PROBLEM DESCRIPTION: The listing below holds pictures; exclude them. Return exactly the lines from the one with "Tiffany & Co." through the one with "Mattia Bottalico".
(DATA begins)
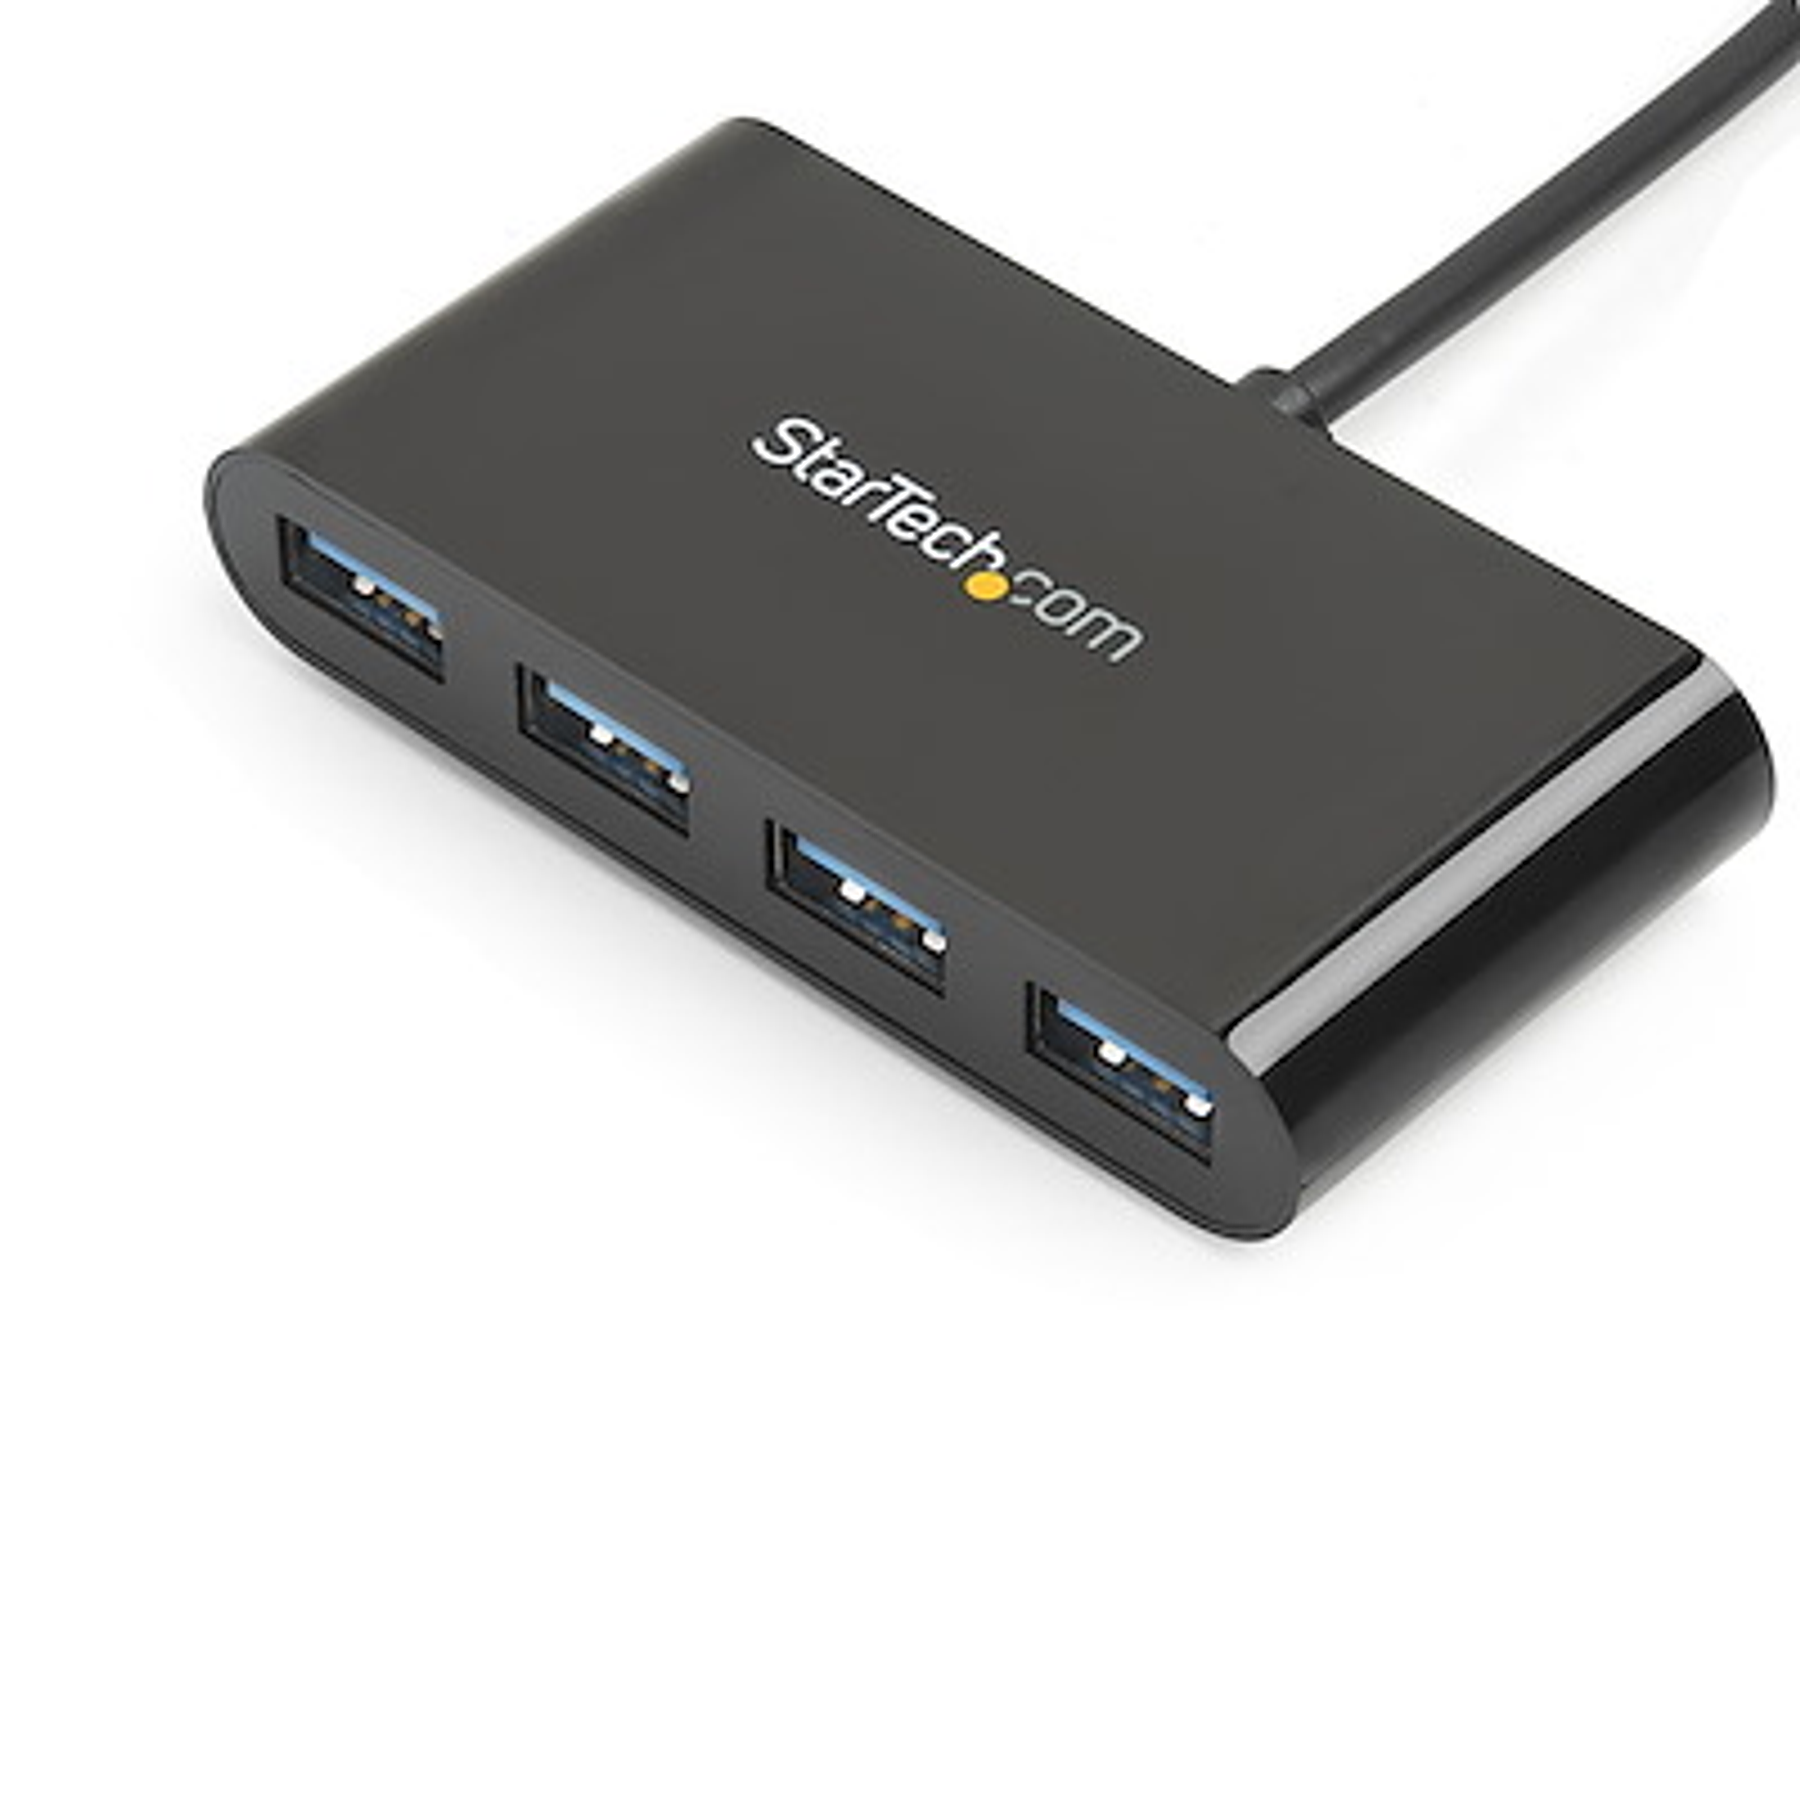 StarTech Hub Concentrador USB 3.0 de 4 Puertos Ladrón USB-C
(DATA ends)
(DATA begins)
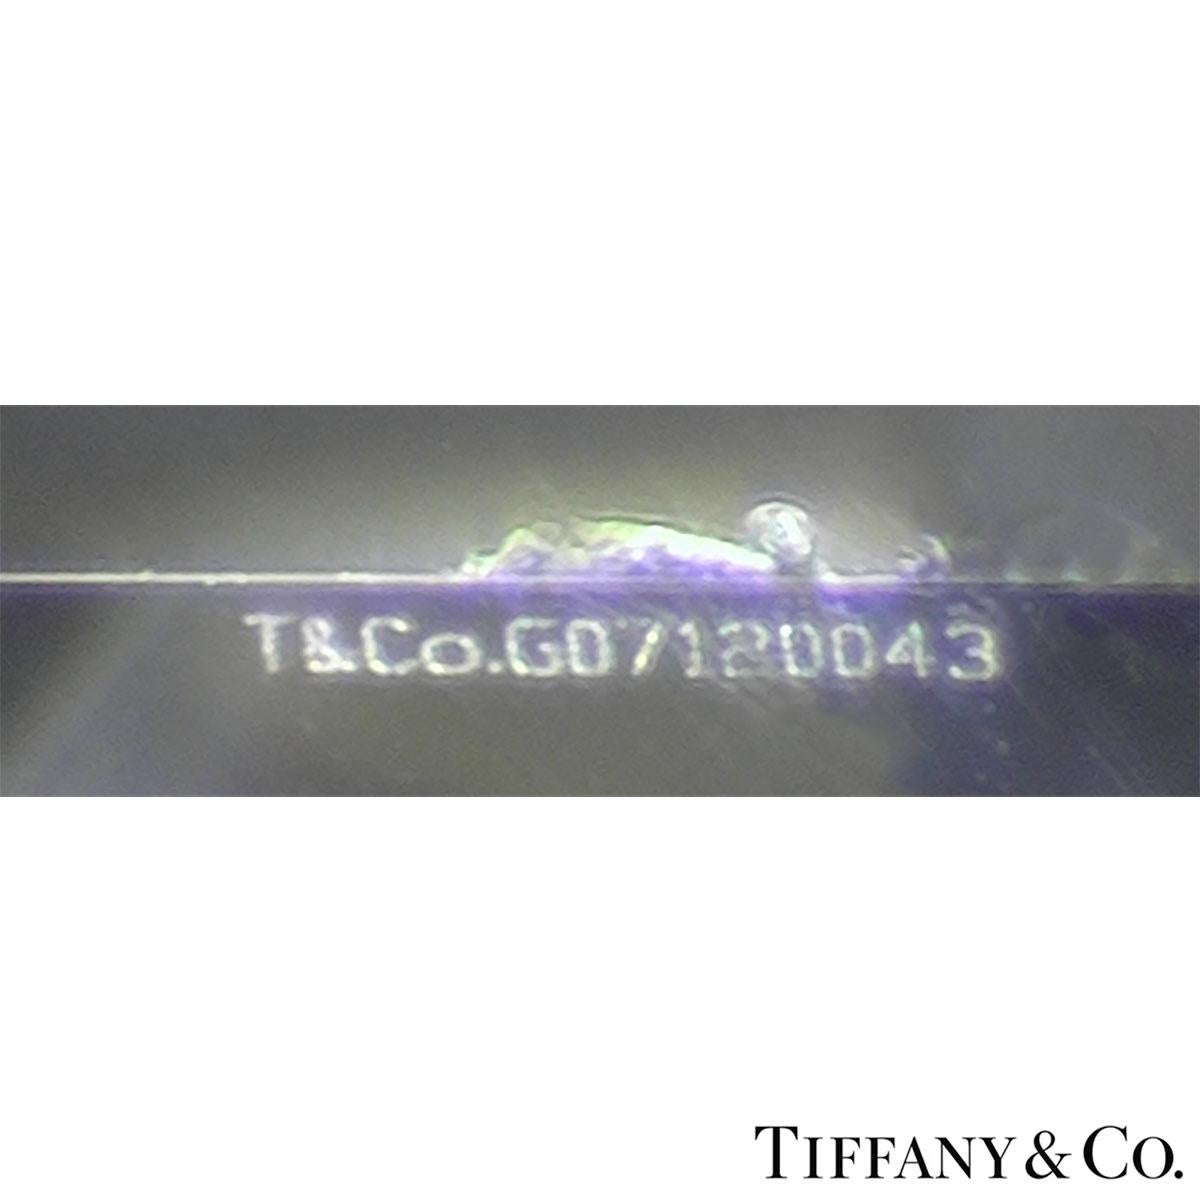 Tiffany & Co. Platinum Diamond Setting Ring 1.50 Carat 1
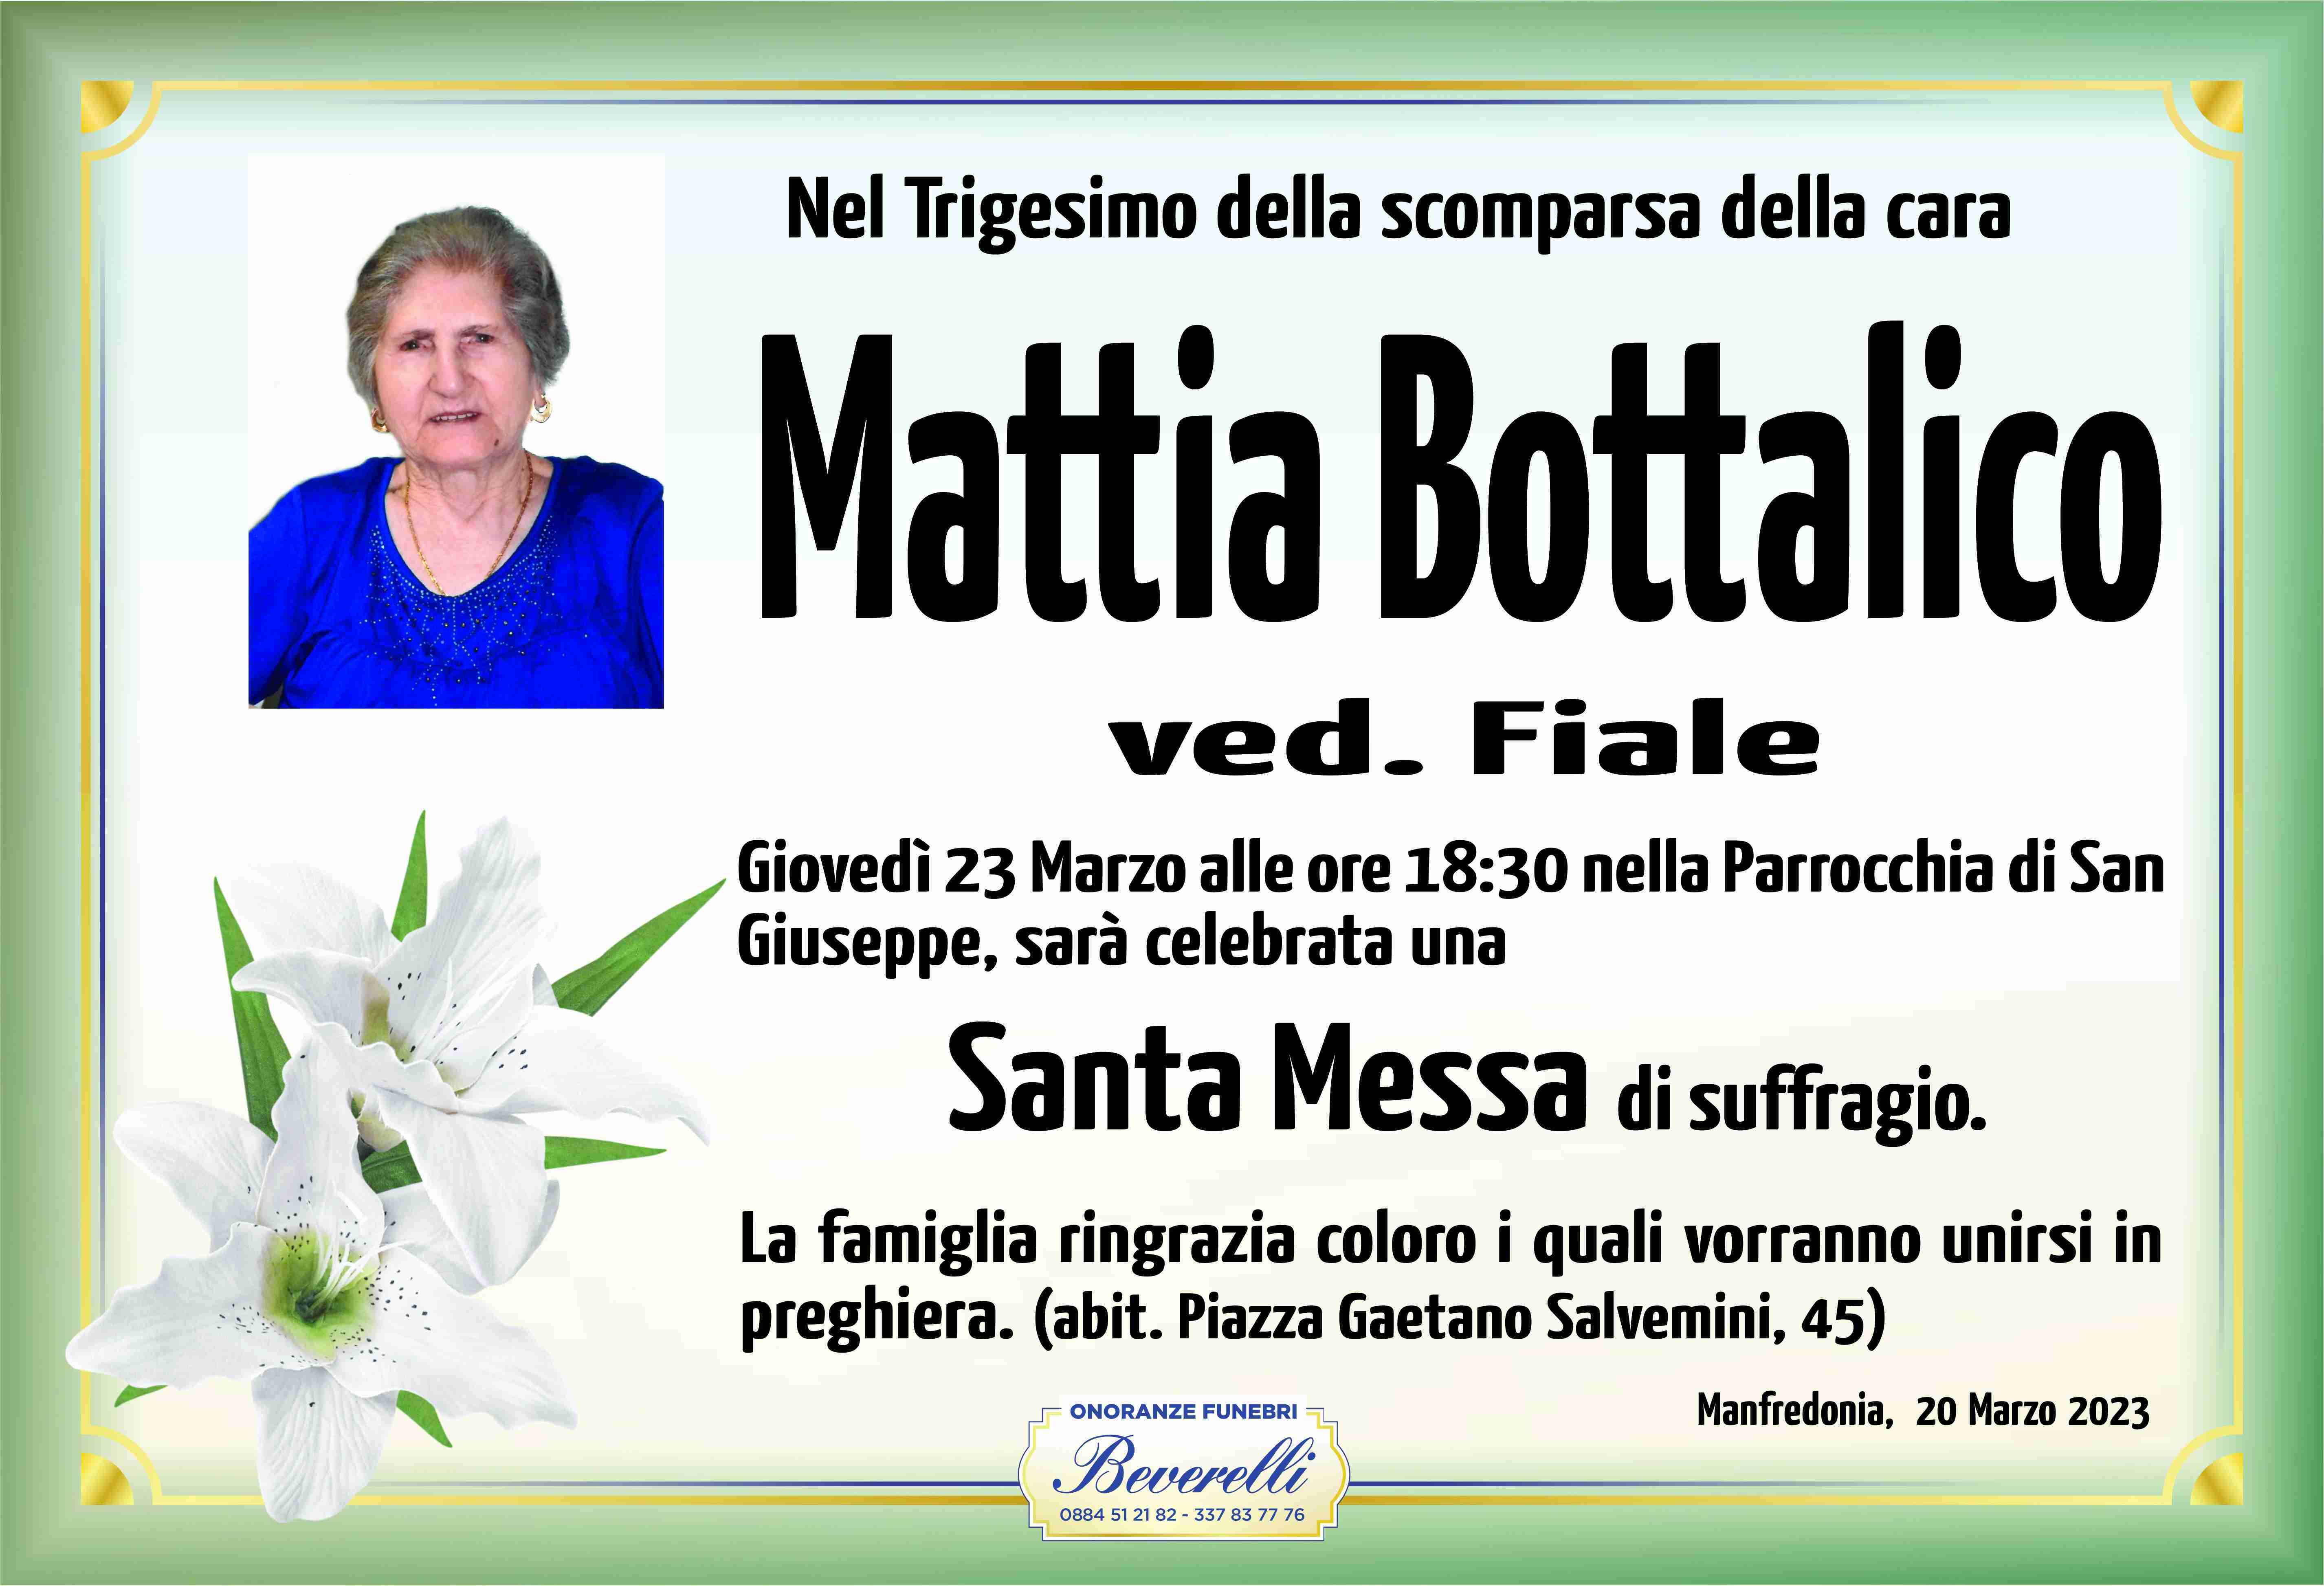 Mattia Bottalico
(DATA ends)
(DATA begins)
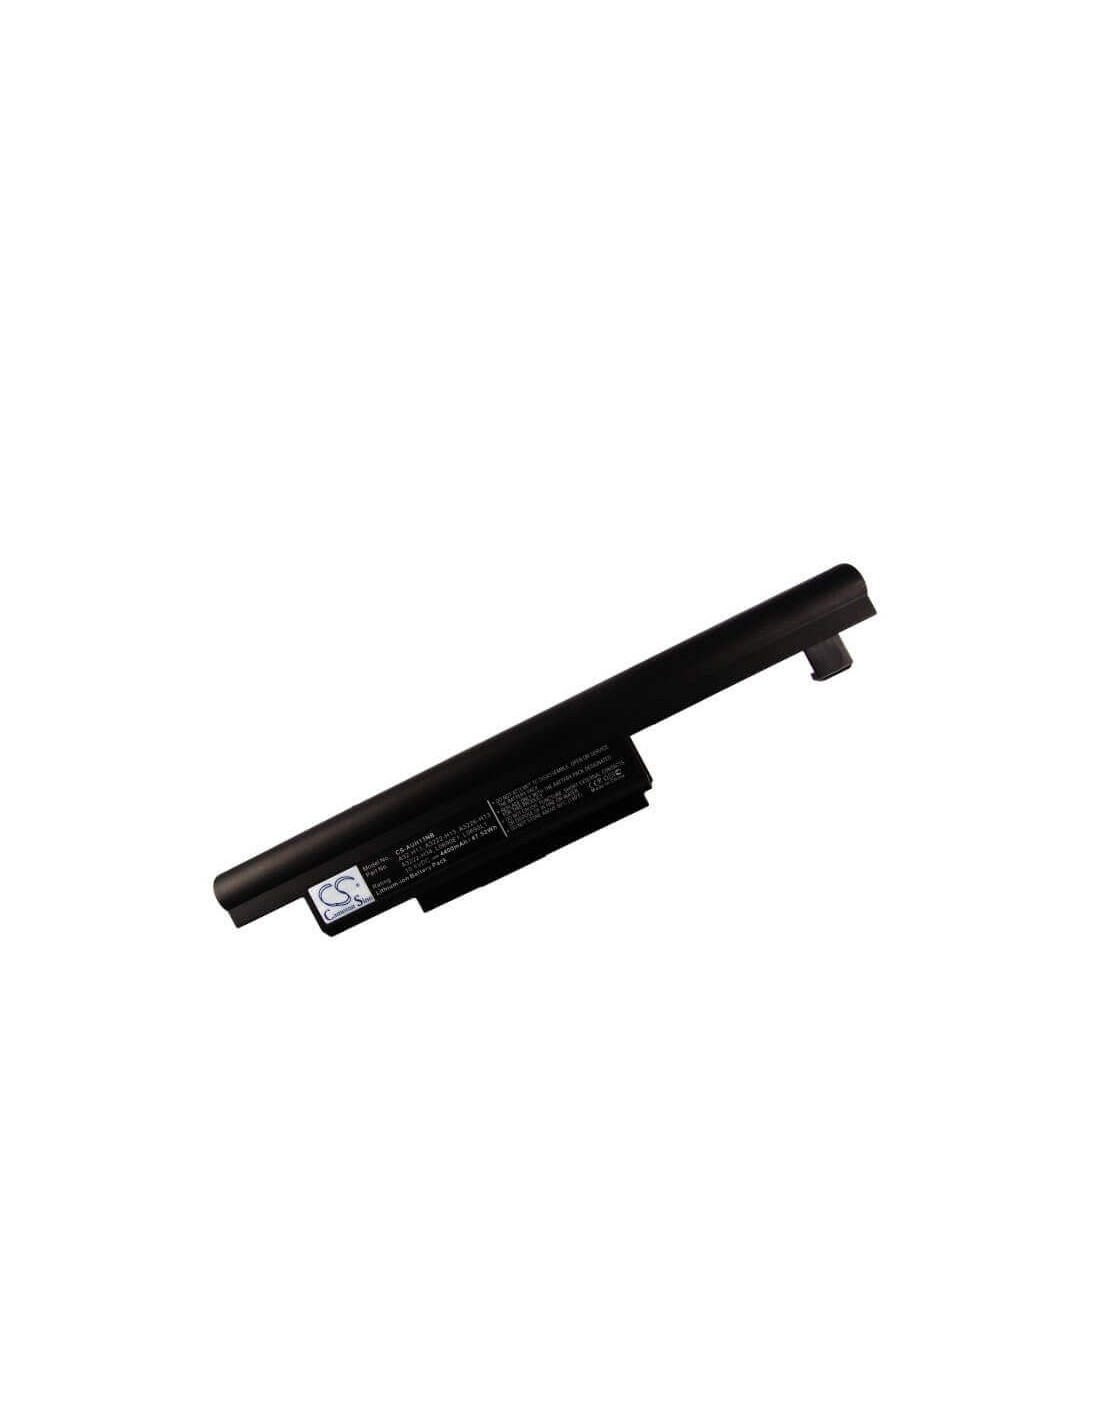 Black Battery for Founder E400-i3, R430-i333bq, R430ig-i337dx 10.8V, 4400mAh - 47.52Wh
(DATA ends)
ANSWER TO THIS TASK:
 Tiffany & Co. Platinum Diamond Setting Ring 1.50 Carat 1
 Mattia Bottalico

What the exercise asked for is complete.